Sounds doable. Let me try that.
>
> > if (type == CLEAR_REFS_SOFT_DIRTY) {
> > mmu_notifier_invalidate_range_end(&range);
> > flush_tlb_mm(mm);
> > diff --git a/mm/mempolicy.c b/mm/mempolicy.c
> > index 929e843543cf..bb5b0e83ce0f 100644
> > --- a/mm/mempolicy.c
> > +++ b/mm/mempolicy.c
> > @@ -969,6 +969,7 @@ static const struct mm_walk_ops
> > queue_pages_lock_vma_walk_ops = {
> > * (a hugetlbfs page or a transparent huge page being counted as 1).

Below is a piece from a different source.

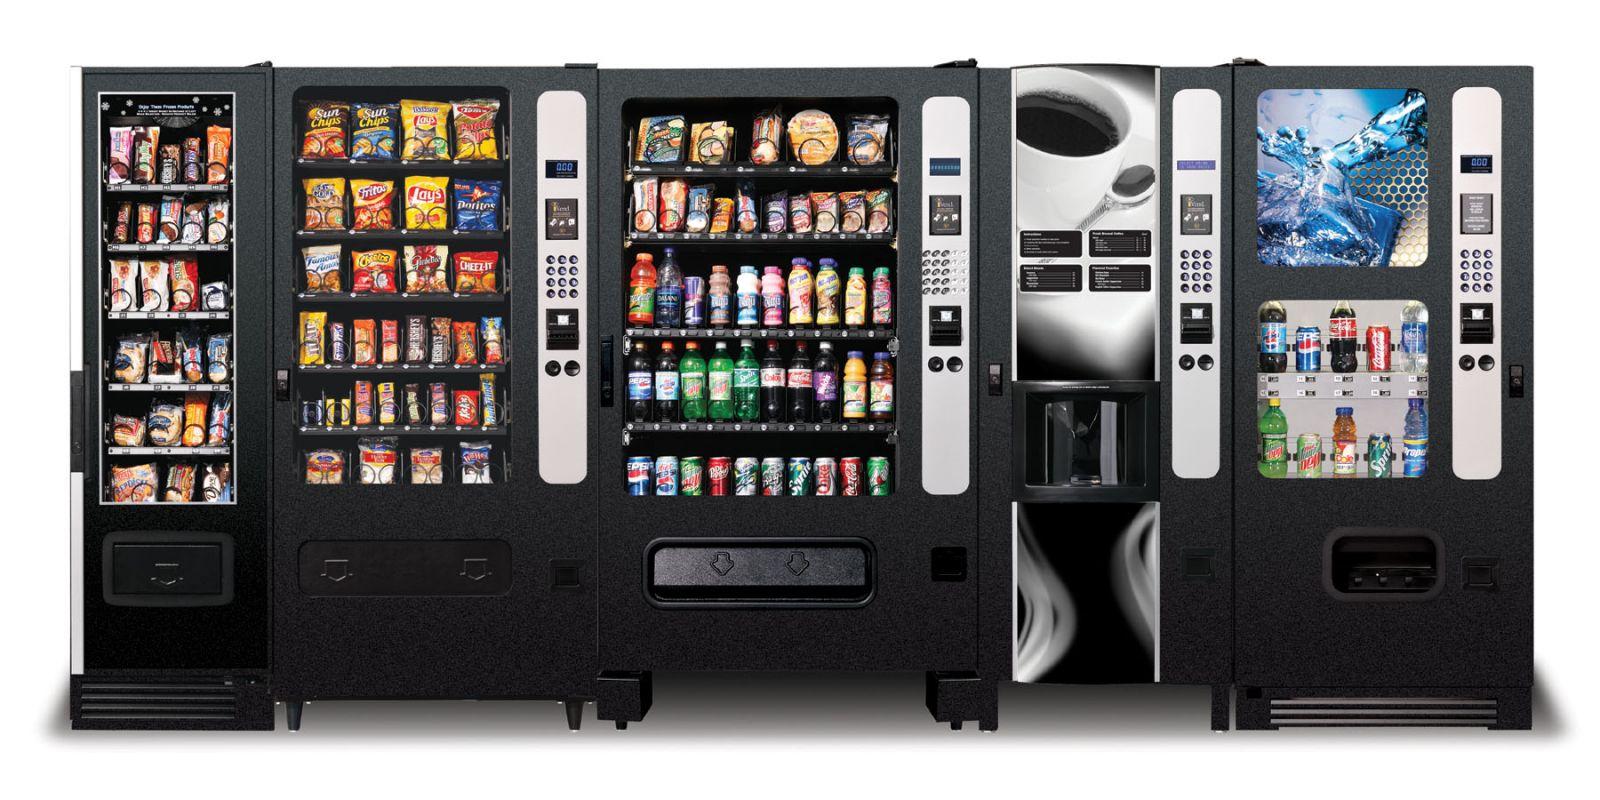 Office vending services

> > * -EIO - a misplaced page found, when MPOL_MF_STRICT specified without
> > MOVEs.
> > * -EFAULT - a hole in the memory range, when MPOL_MF_DISCONTIG_OK
> > unspecified.
> > + * -EINTR - walk got terminated due to pending fatal signal.
>
> Thanks!
>
> > */
> > static long
> > queue_pages_range(struct mm_struct *mm, unsigned long start, unsigned long
> > end,
> > diff --git a/mm/pagewalk.c b/mm/pagewalk.c
> > index eda74273c8ec..a42cd6a6d812 100644
> > --- a/mm/pagewalk.c
> > +++ b/mm/pagewalk.c
> > @@ -438,14 +438,13 @@ static inline void process_mm_walk_lock(struct
> > mm_struct *mm,
> > mmap_assert_write_locked(mm);
> > }
> >
> > -static inline void process_vma_walk_lock(struct vm_area_struct *vma,
> > +static inline int process_vma_walk_lock(struct vm_area_struct *vma,
>
> NIT: Don't need this to be an inline any longer. May as well fix up while
> we're
> here.
Ack.
>
> > enum page_walk_lock walk_lock)
> > {
> > #ifdef CONFIG_PER_VMA_LOCK
> > switch (walk_lock) {
> > case PGWALK_WRLOCK:
> > - vma_start_write(vma);
> > - break;
> > + return vma_start_write_killable(vma);
>
> LGTM
>
> > case PGWALK_WRLOCK_VERIFY:
> > vma_assert_write_locked(vma);
> > break;
> > @@ -457,6 +456,7 @@ static inline void process_vma_walk_lock(struct
> > vm_area_struct *vma,
> > break;
> > }
> > #endif
> > + return 0;
> > }
> >
> > /*
> > @@ -500,7 +500,9 @@ int walk_page_range_mm_unsafe(struct mm_struct *mm,
> > unsigned long start,
> > if (ops->pte_hole)
> > err = ops->pte_hole(start, next, -1, &walk);
> > } else { /* inside vma */
> > - process_vma_walk_lock(vma, ops->walk_lock);
> > + err = process_vma_walk_lock(vma, ops->walk_lock);
> > + if (err)
> > + break;
>
> In every other case we set walk.vma = vma or NULL. Is it a problem not setting
> it at all in this code path?
IIUC the other cases set walk.vma because they later call
ops->pte_hole(..., walk). In our case we immediately break out of the
loop and exit the function, which pushes "walk" variable out of scope.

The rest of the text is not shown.